Bursa Eropa Menguat di Tengah-tengah Badai Sentimen Negatif

Bursa Eropa Menguat di Tengah-tengah Badai Sentimen Negatif
Ilustrasi (Foto: AFP)
Faisal Maliki Baskoro / FMB Jumat, 26 Juni 2020 | 06:03 WIB

London, Beritasatu.com - Bursa Eropa ditutup menguat pada perdagangan Kamis (25/6/2020) di tengah-tengah gempuran sentimen negatif. Dana Moneter Internasional merevisi pertumbuhan ekonomi global tahun ini. Amerika Serikat melaporkan rekor kasus Covid-19 harian tertinggi.

Index Stoxx600 naik 0,72 persen, DAX Jerman naik 0,69 persen, FTSE Inggris naik 0,38 persen, CAC Prancis naik 0,97 persen, FTSE MIB Italia naik 0,37 persen.

Pasar modal dunia masih dipengaruhi sentimen proyeksi pertumbuhan ekonomi IMF dan naiknya tingkat utang negara-negara di dunia. Pada hari Rabu lalu, IMF melansir laporan terbaru di mana pertumbuhan ekonomi dunia diperkirakan bakal terkontraksi 4,9 persen pada 2020, lebih parah dari proyeksi 3 persen sebelumnya yang dilansir April.

IMF juga merevisi pertumbuhan ekonomi 2021 dari 5,8 persen pada laporan April menjadi 5,4 persen. Melambatnya pertumbuhan ekonomi akibat dampak dari pembatasan sosial yang berlanjut ke semester dua, di mana itu akan mempengaruhi produktivitas dan rantai distribusi global.

Pada Rabu, AS mencatat 45.557 kasus baru Covid-19, yang merupakan jumlah tertinggi dalam sehari. Angka itu lebih banyak 9.000 kasus dari level tertinggi sebelumnya pada 26 April. Pada hari Minggu, WHO melaporkan rekor harian dengan 183.000 lebih kasus baru.

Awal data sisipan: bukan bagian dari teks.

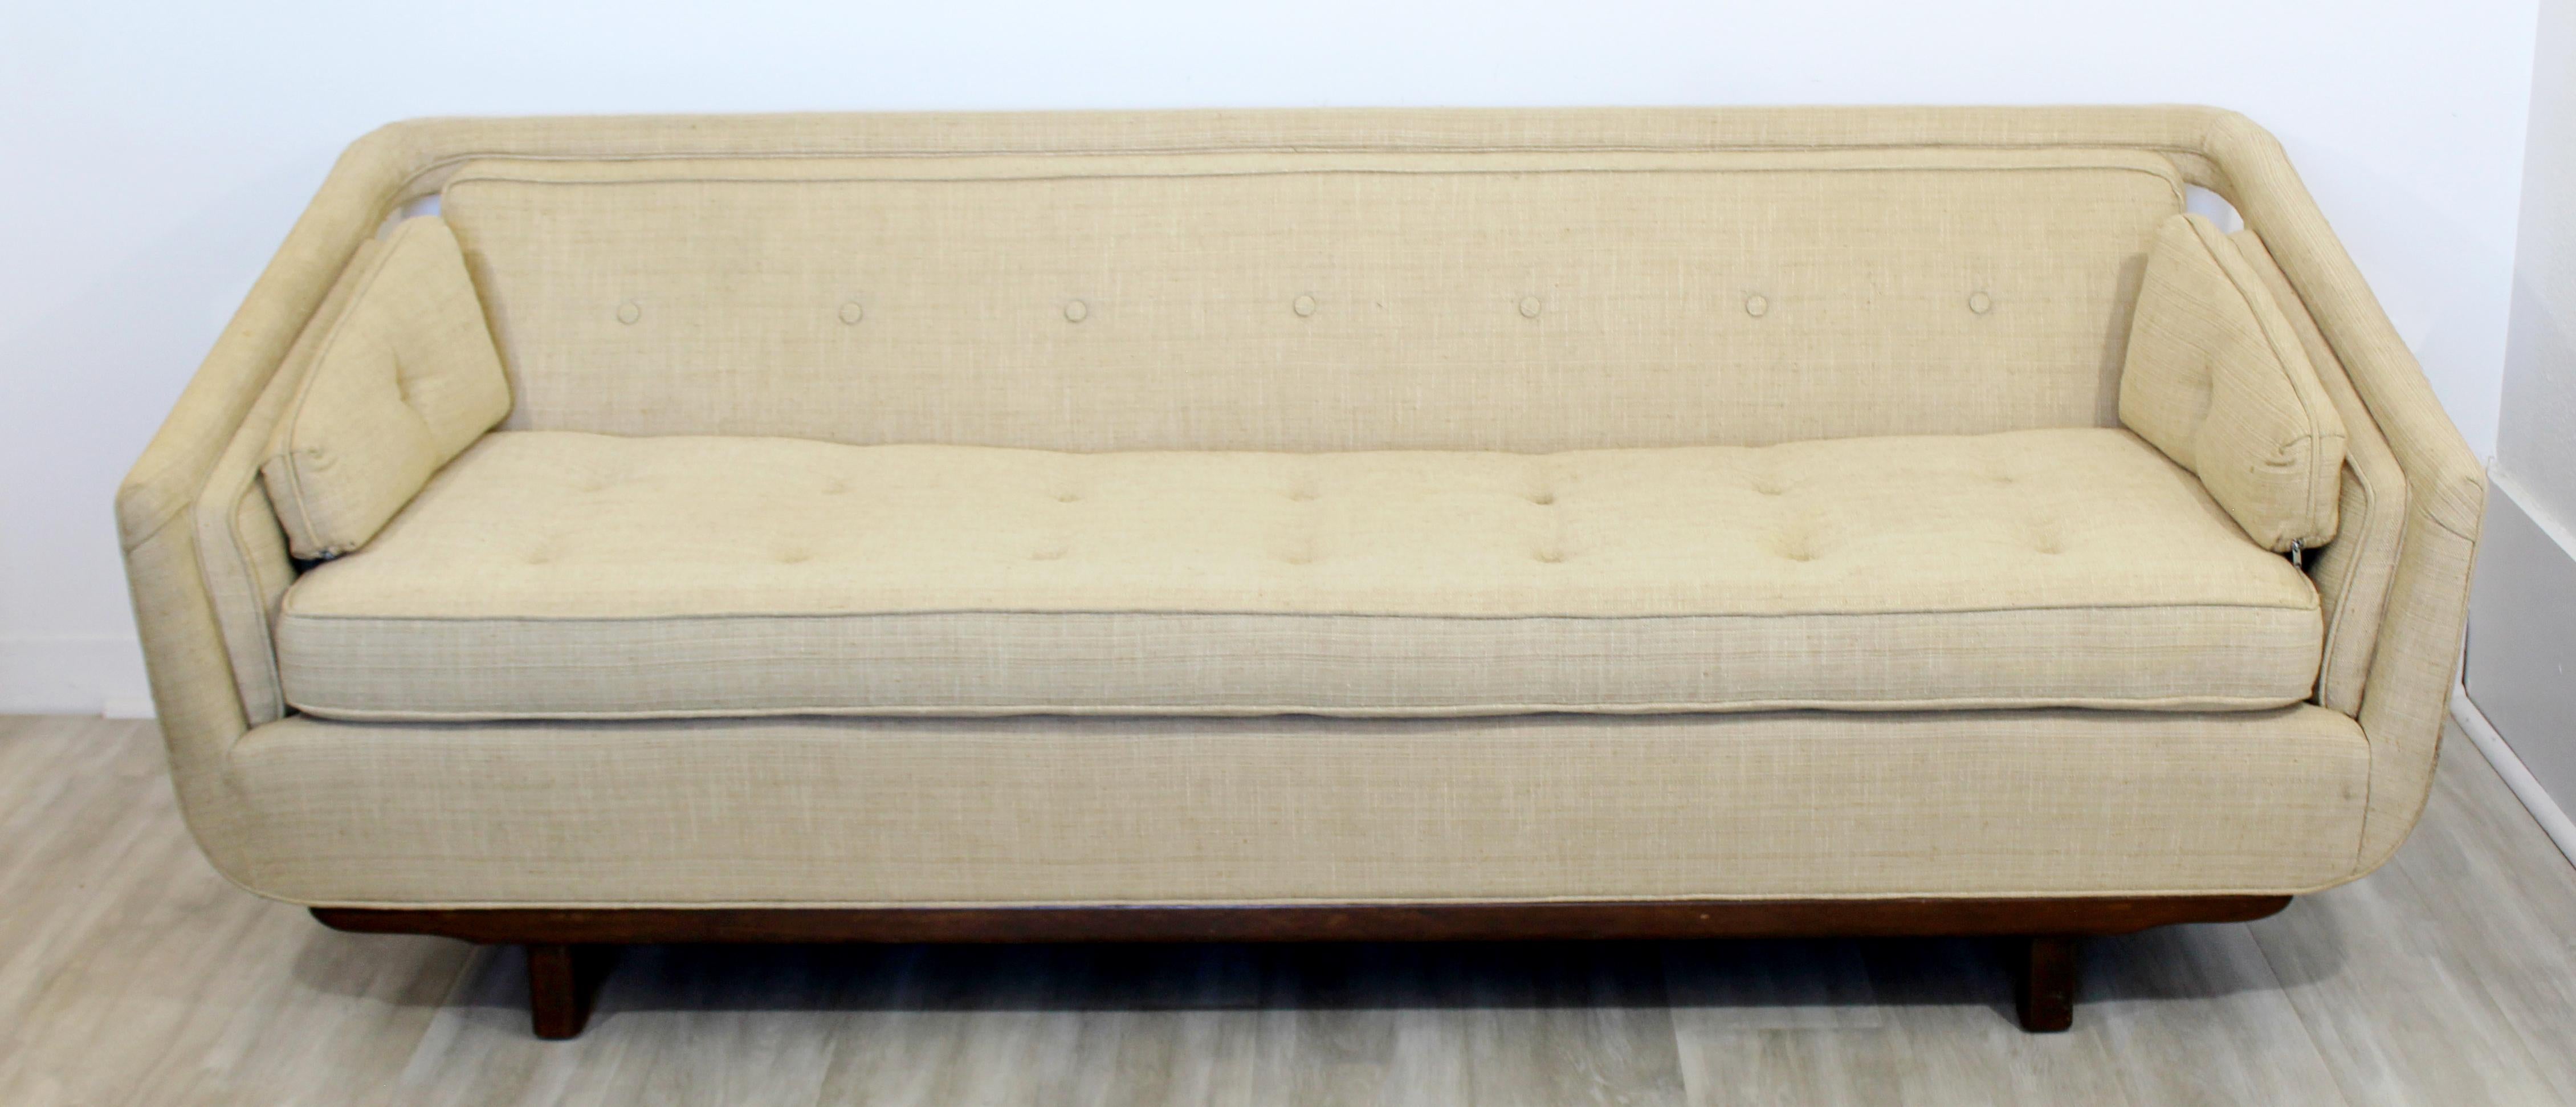 For your consideration is an elegant and sculptural sofa, in a raw silk blend, attributed to Dunbar or Laszlo, circa 1960s. In excellent vintage condition. The dimensions are 79.5
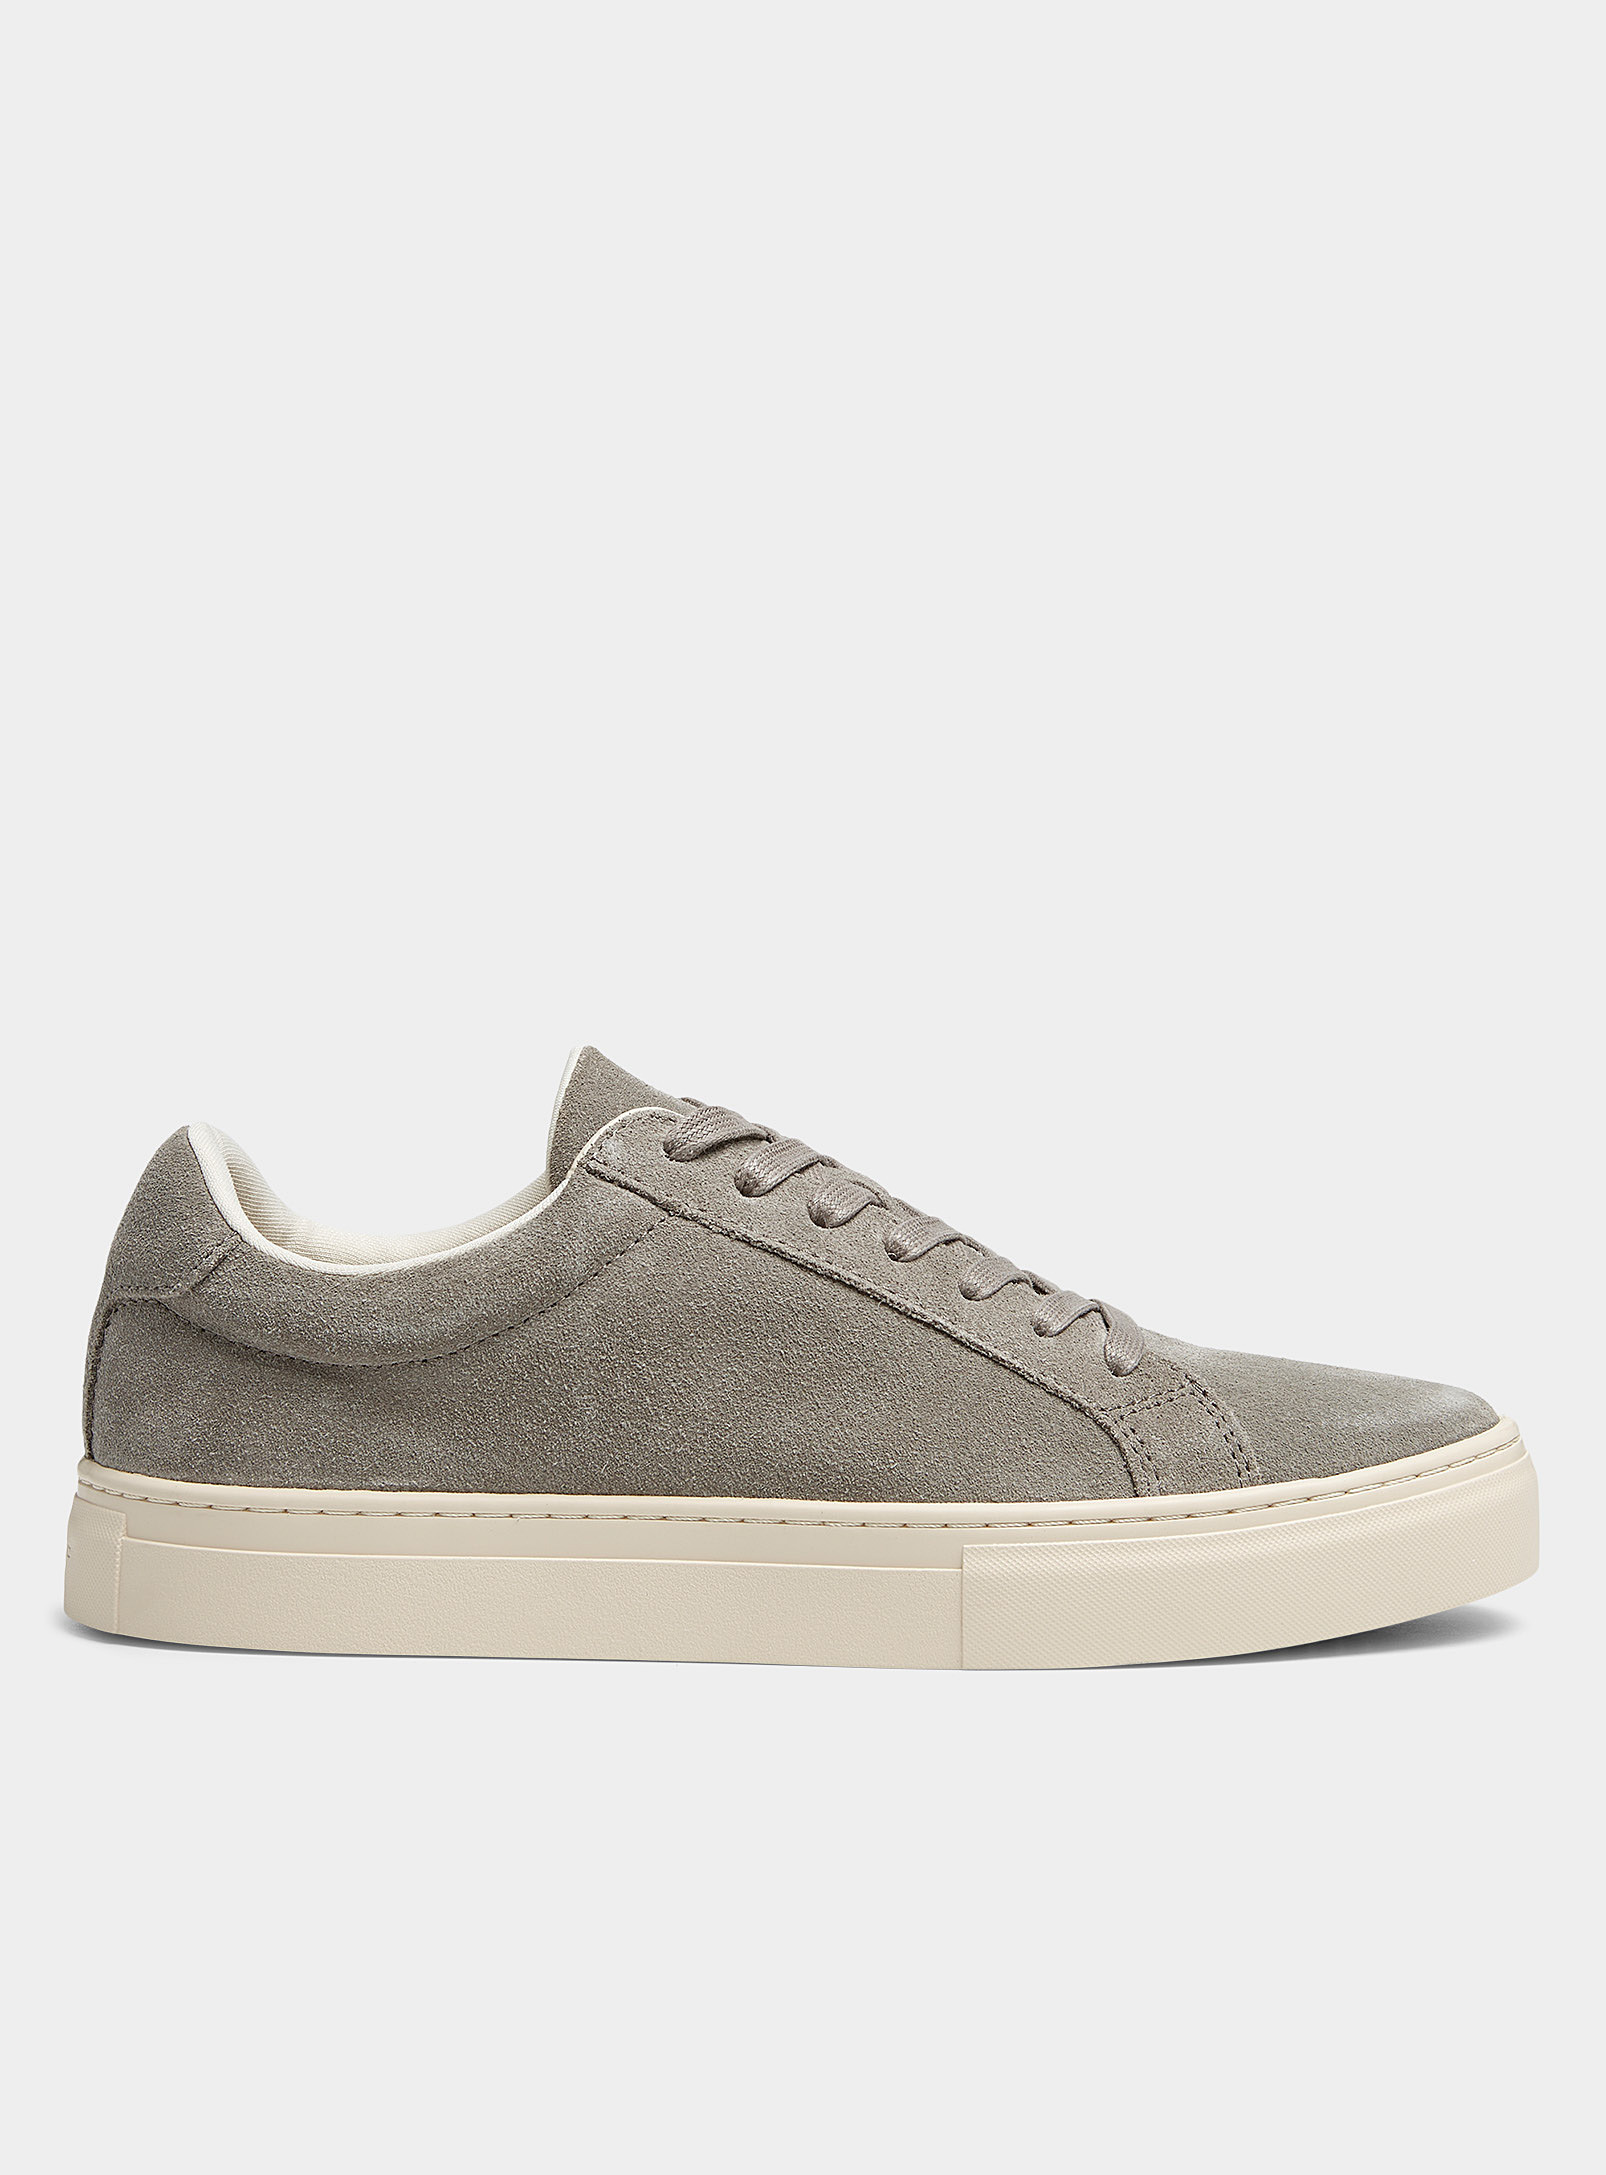 Vagabond Shoemakers Paul 2.0 Suede Sneakers Men In Ivory White

Sentimen-sentimen negatif ini teringankan dengan kebijakan regulator AS yang melonggarkan peraturan perbankan di era pascakrisis finansial. Pelonggaran Volcker Rule diharapkan dapat mengalirkan miliaran dolar dari sektor perbankan ke sektor-sektor lain.

Perusahaan tekfin Jerman Wirecard pada Kamis mengajukan perlindungan pailit ke pengadilan Munich. Perusahaan tersebut melaporkan kesalahan akuntansi, di mana dana sebesar US$ 2,1 miliar hilang dari neracanya. Saham Wirecard kembali anjlok 71 persen.